## Required action
Exact copies of all the lines below are required, with the pictures omitted.

## Information shown
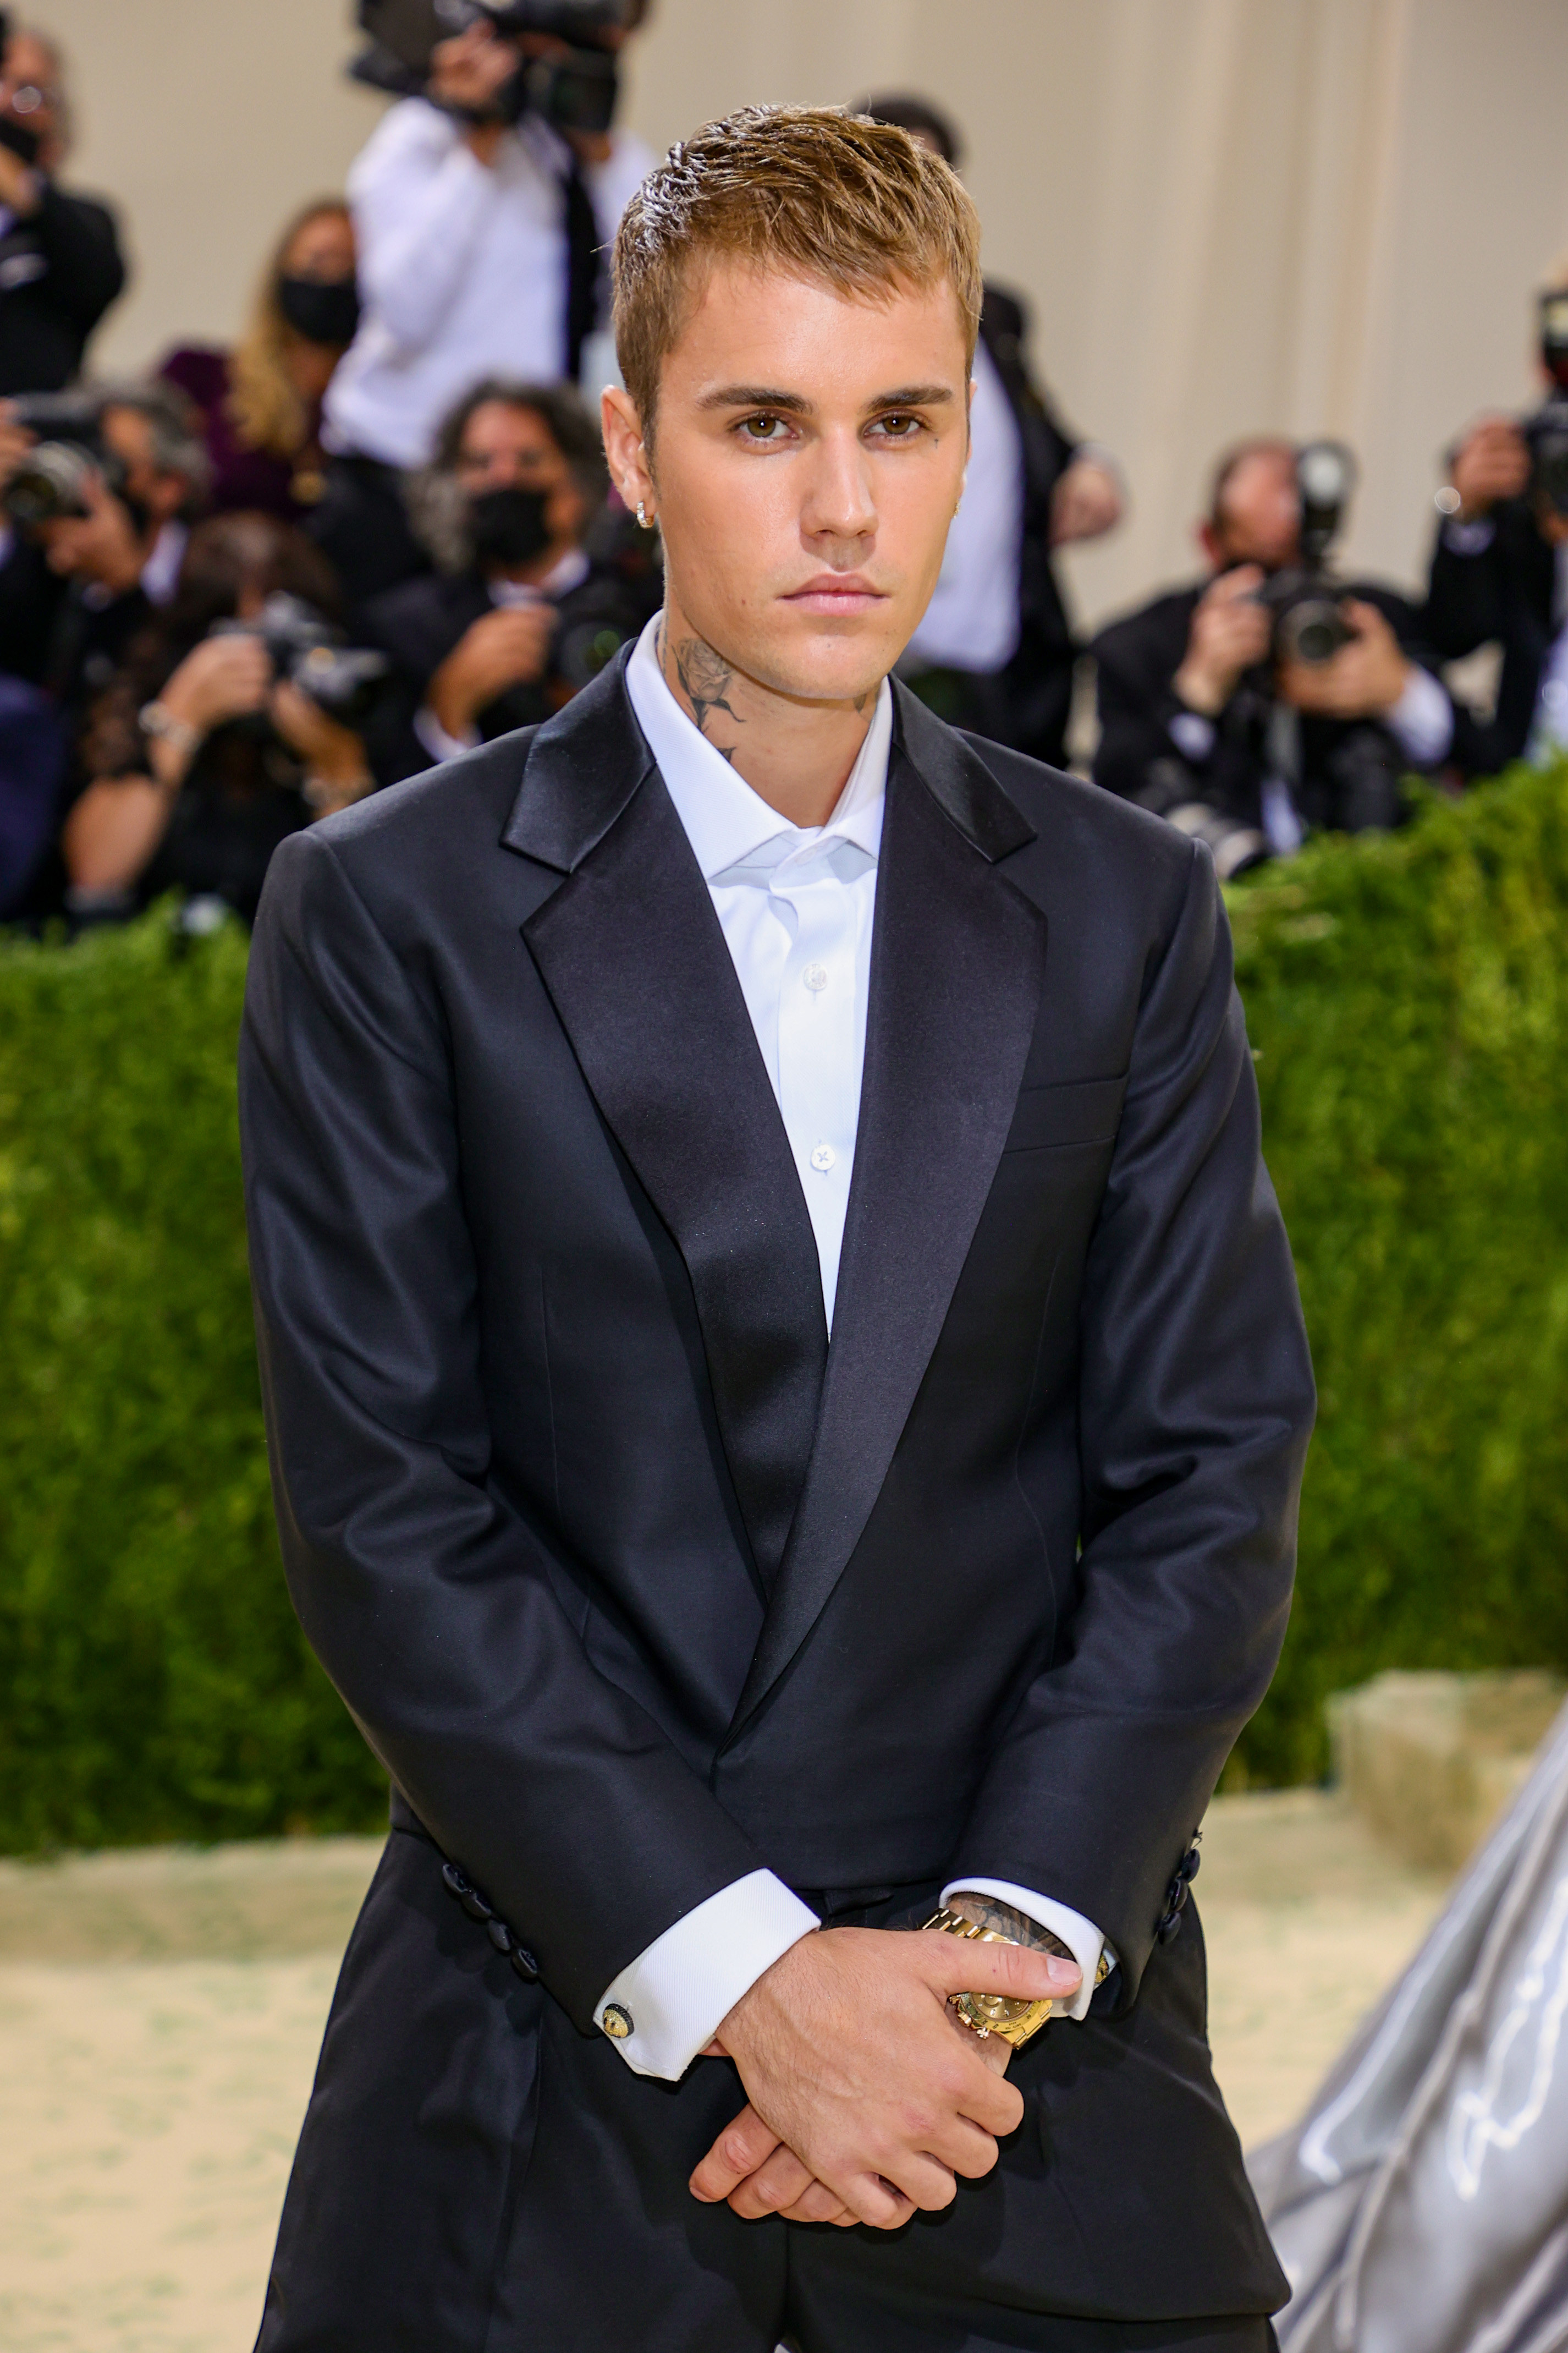 Justin Bieber poses at the 2021 Met Gala
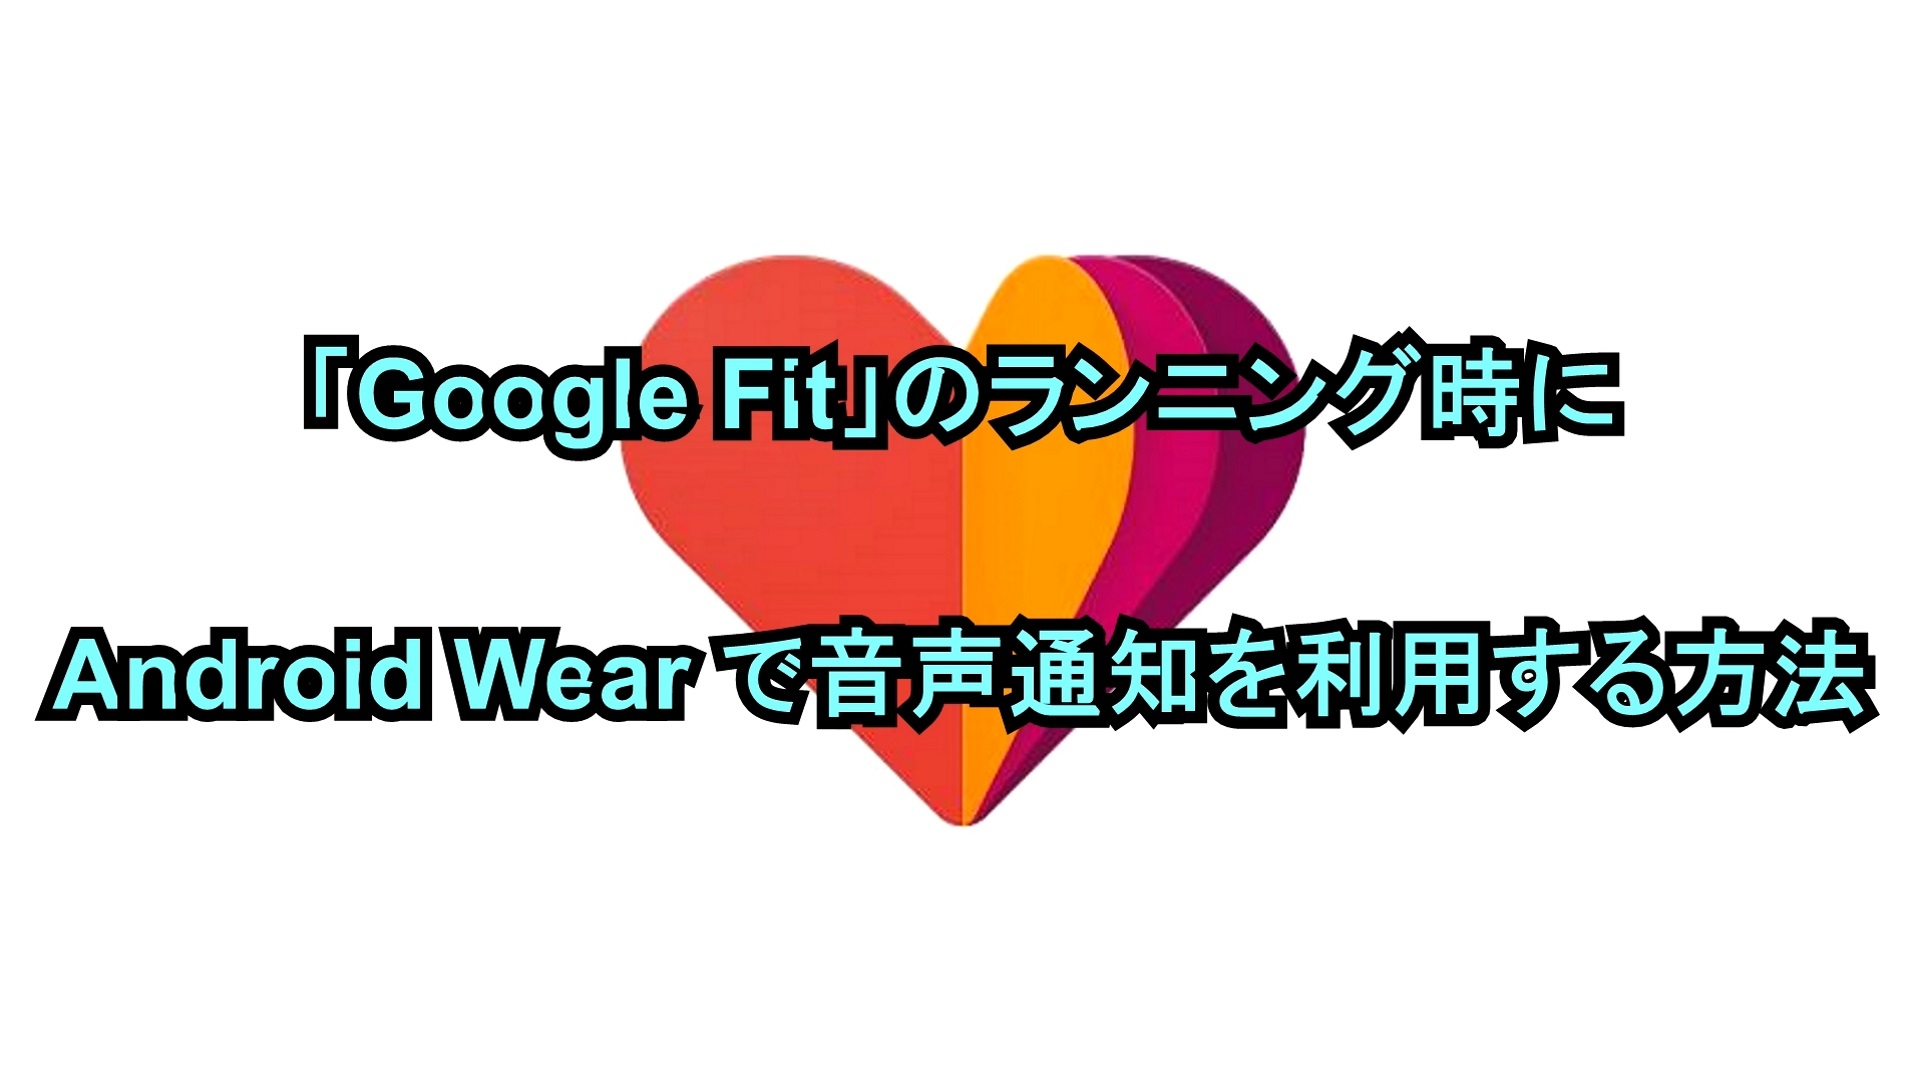 「Google Fit」のランニング時にAndroid Wearで音声通知を利用する方法
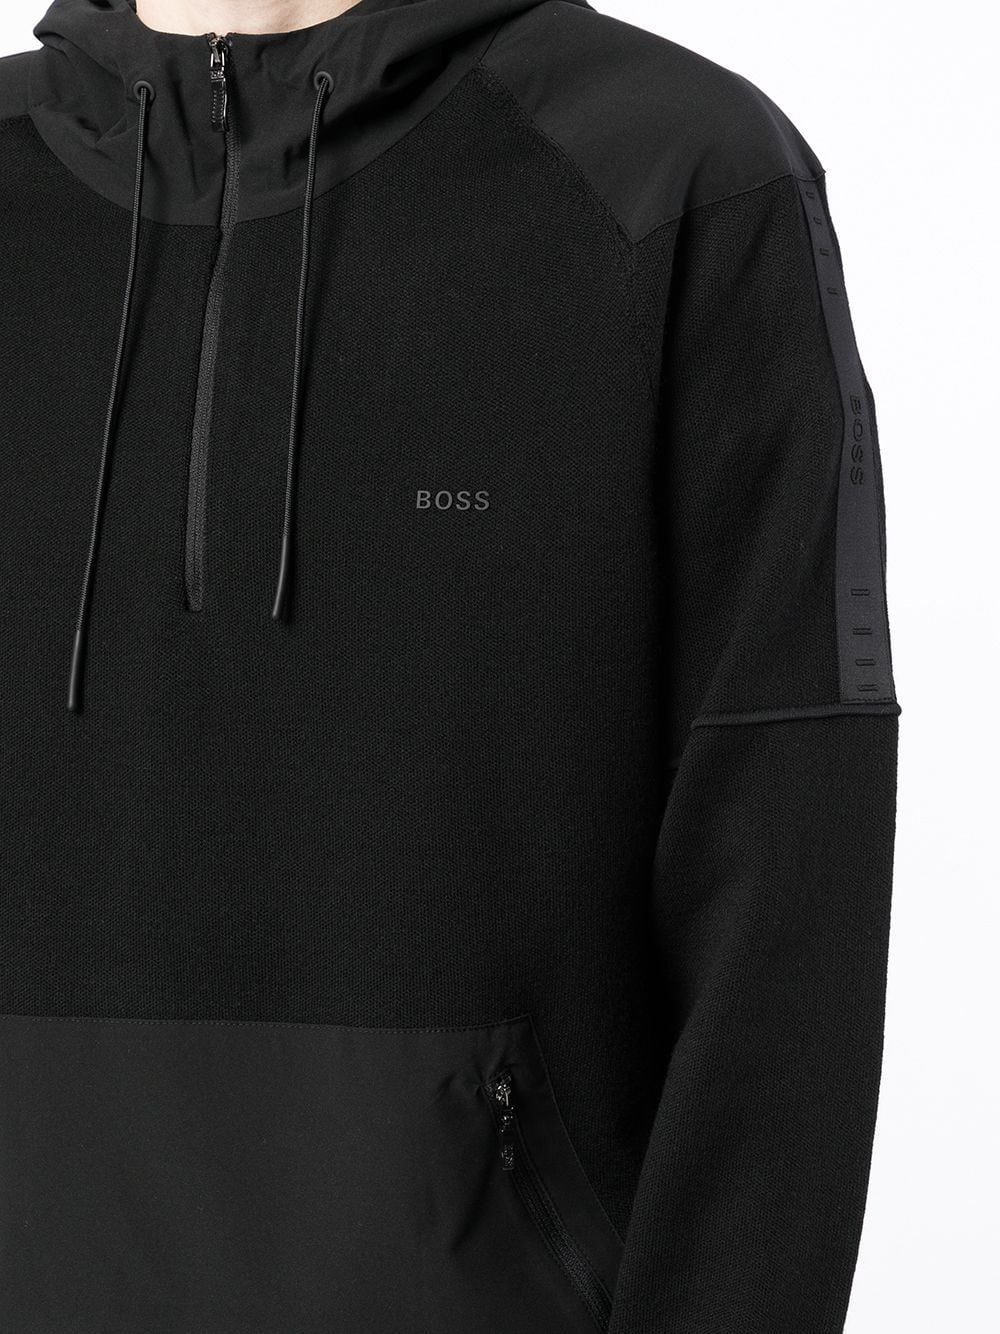 BOSS Tanos drawstring hoodie Black - MAISONDEFASHION.COM

## Answer area
 Justin Bieber poses at the 2021 Met Gala
 「Google Fit」のランニング時にAndroid Wearで音声通知を利用する方法
 BOSS Tanos drawstring hoodie Black - MAISONDEFASHION.COM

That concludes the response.